Take everything you can carry, I said. That was when Kendrick said very quietly, Kemp. He was looking toward the far end of the lab, past the last row of workstations, where the corridor continued into shadow. His rifle light was trained on a figure standing motionless in the dark. A woman. Head tilted downward, glowing orange eyes barely visible under the spill of her hair, still as a photograph. I recognized her immediately, and the recognition hit me like cold water. Evelyn Carter. She had been dead. I had watched her die, watched the blood pour from her ears and mouth on a mission weeks ago. Watched her go limp on the concrete floor. I had given the order to bag her remains myself. I was there when her remains were scheduled for transport. She was supposed to be gone. She stood at the end of the corridor and looked at us. Her head tilted slowly, the way a person's head tilts when they're concentrating on a voice speaking in a whisper. Her glowing eyes caught the edge of our rifle lights, smoldering like embers. Then she shifted with a stiff, jerking motion, like something trying to remember how to be alive. Carter, I said. She didn't answer. She took one stuttering, jerking step backward into the shadow. Then another. Then she was gone, swallowed by the dark at the end of the corridor, as quietly as if she had never been there at all. The team held position, eyes locked on the empty space where she had stood.

SPEAKER_03

That's not possible, Overton said.

SPEAKER_00

Her voice was steady, but only barely.

SPEAKER_03

She was dead.
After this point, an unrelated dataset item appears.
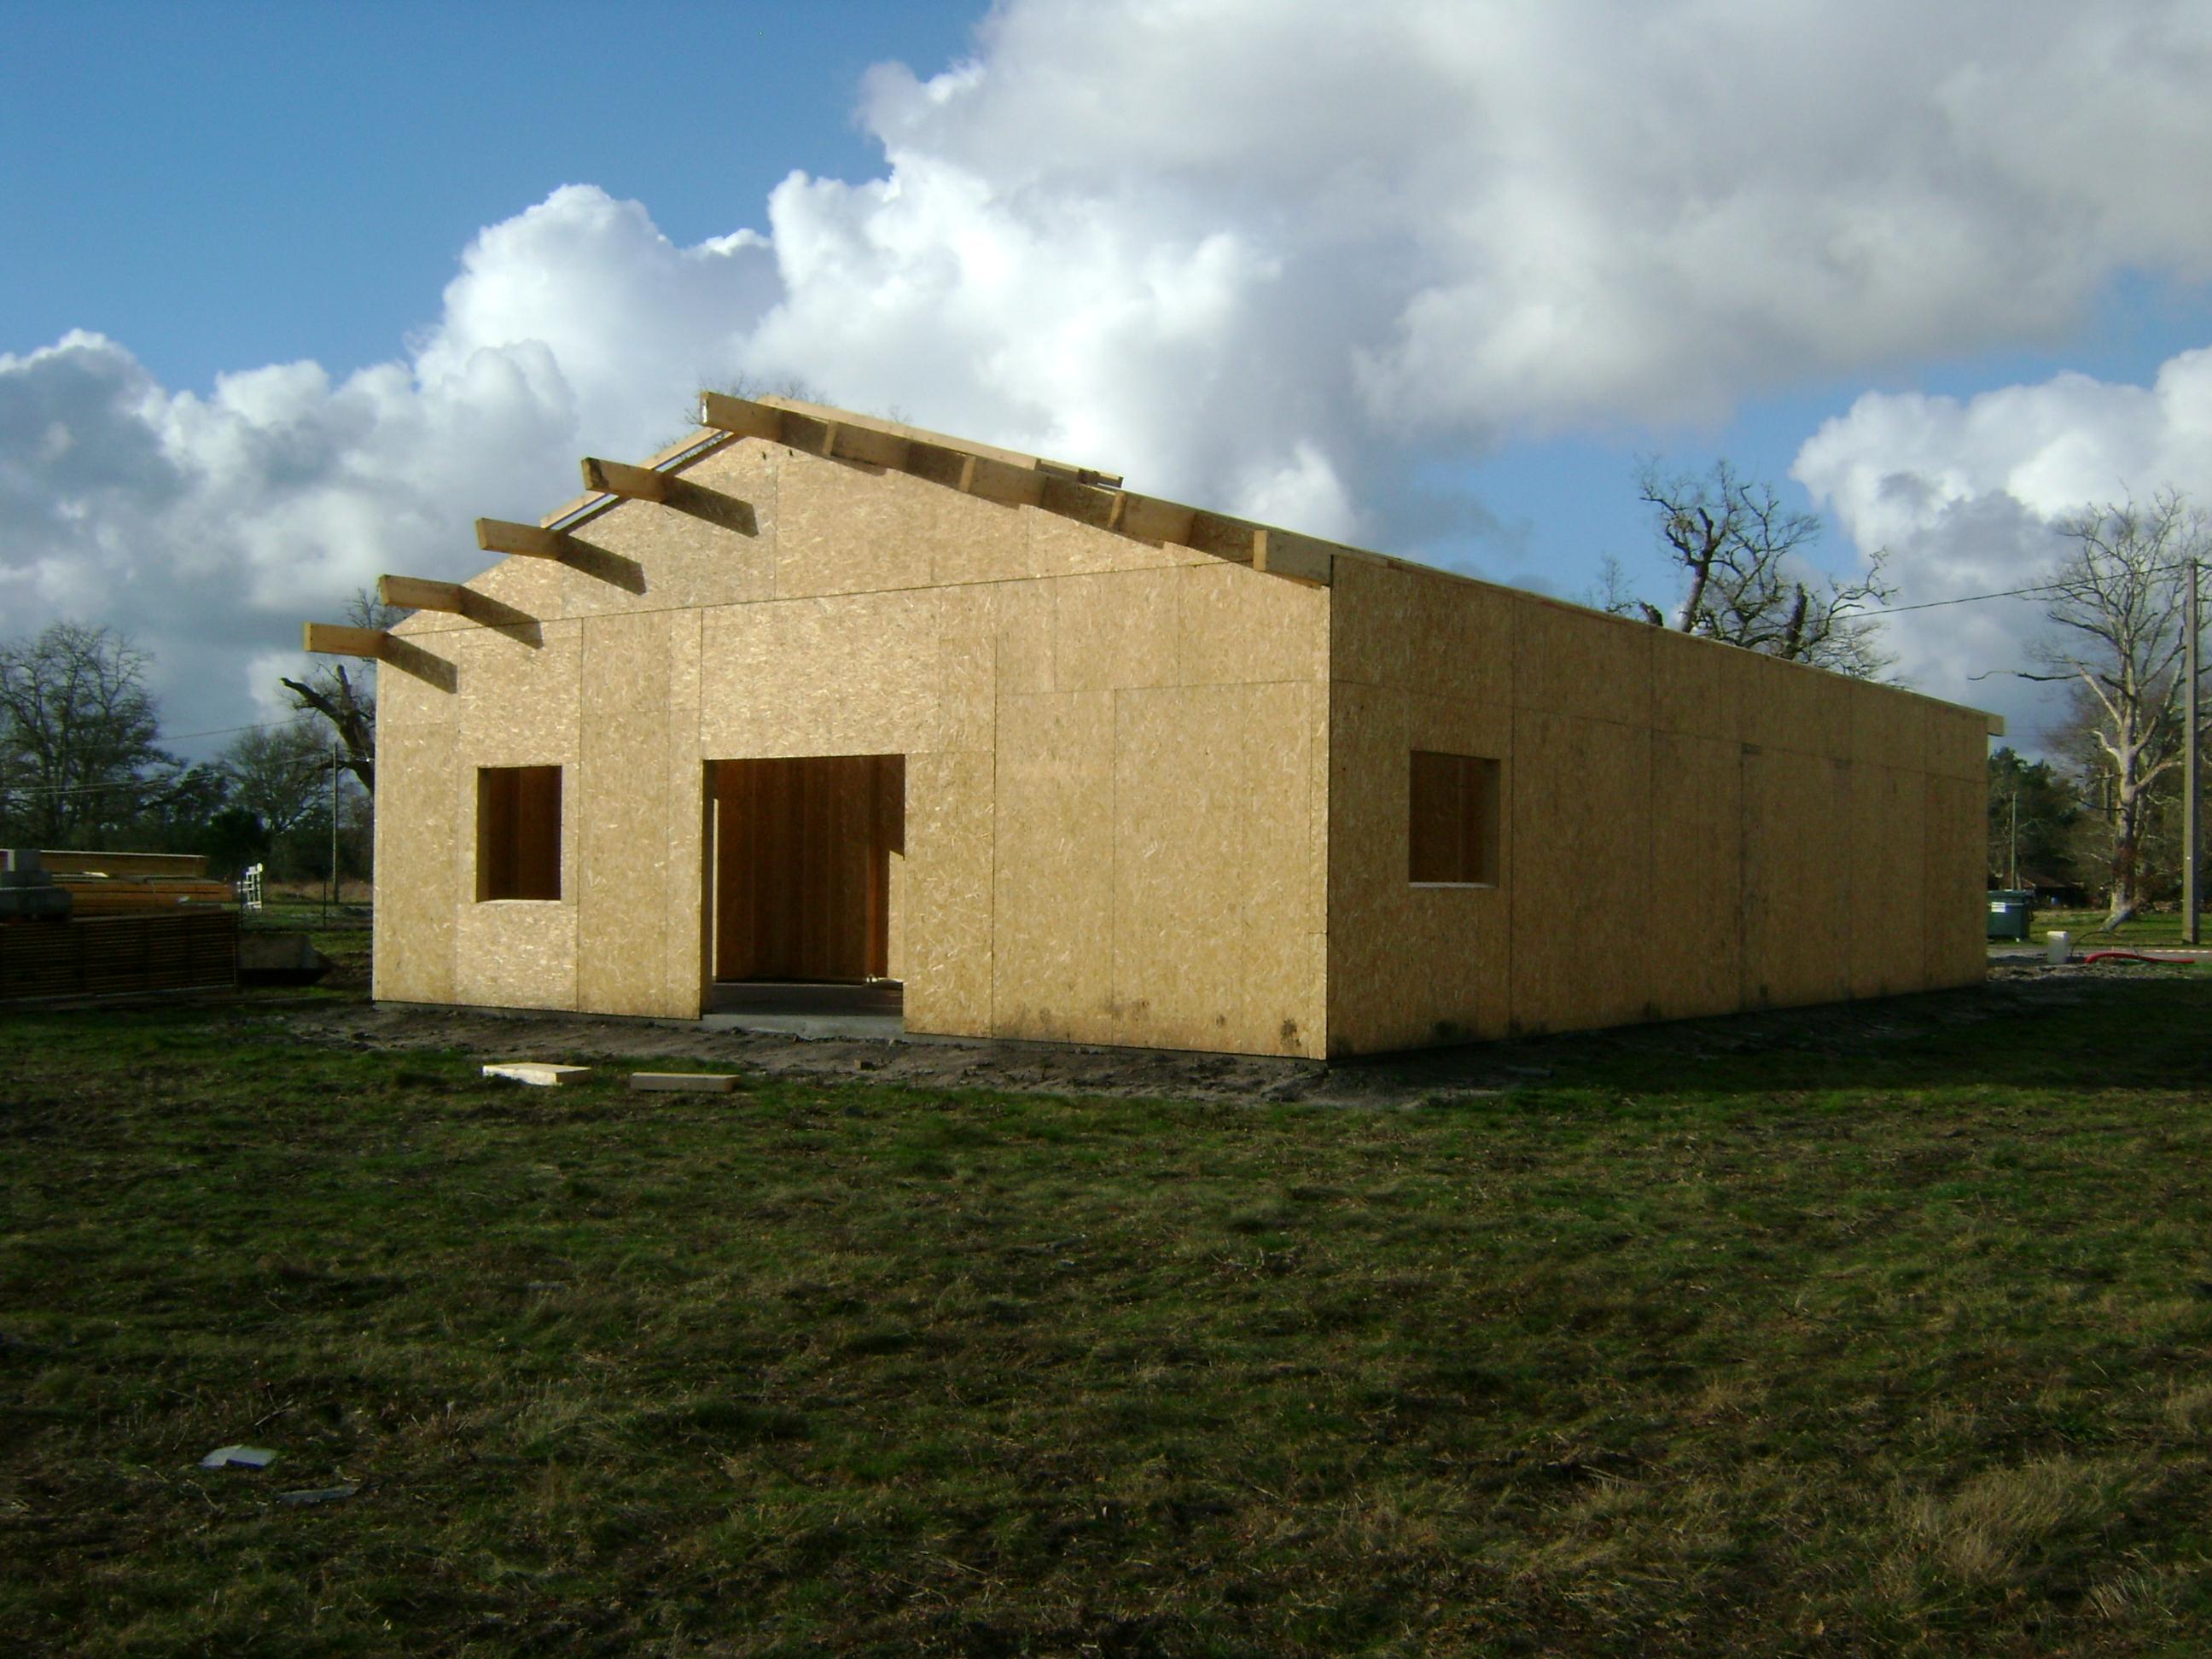 DECK 40 Maison ossature bois Landes, Constructeur maison bois Landes, Mimizan, Pontenx les  # Constructeur Maison Bois Landes

We all know she was dead.

SPEAKER_00

She was, I said. I stared at the empty corridor for a long moment, turning it over in my mind, filing it where I filed everything I couldn't explain yet. Not dismissed, not accepted, just held. Whatever she is now, I said quietly, she isn't what she was. I looked at the team. Level 5, I said. We go down. Case file note. Level 2 cleared. No survivors located. Miller sustained gunshot wound to right forearm. Castile sustained minor thermal burn, left forearm. Both continue on mission. Level 4 labs cleared. Eight staff members deceased. Biological research notes and lab files recovered. Unconfirmed visual contact with subject Evelyn Carter, previously declared deceased. Status unknown. Team descending to level five. End case file zero one three dash zero zero seven.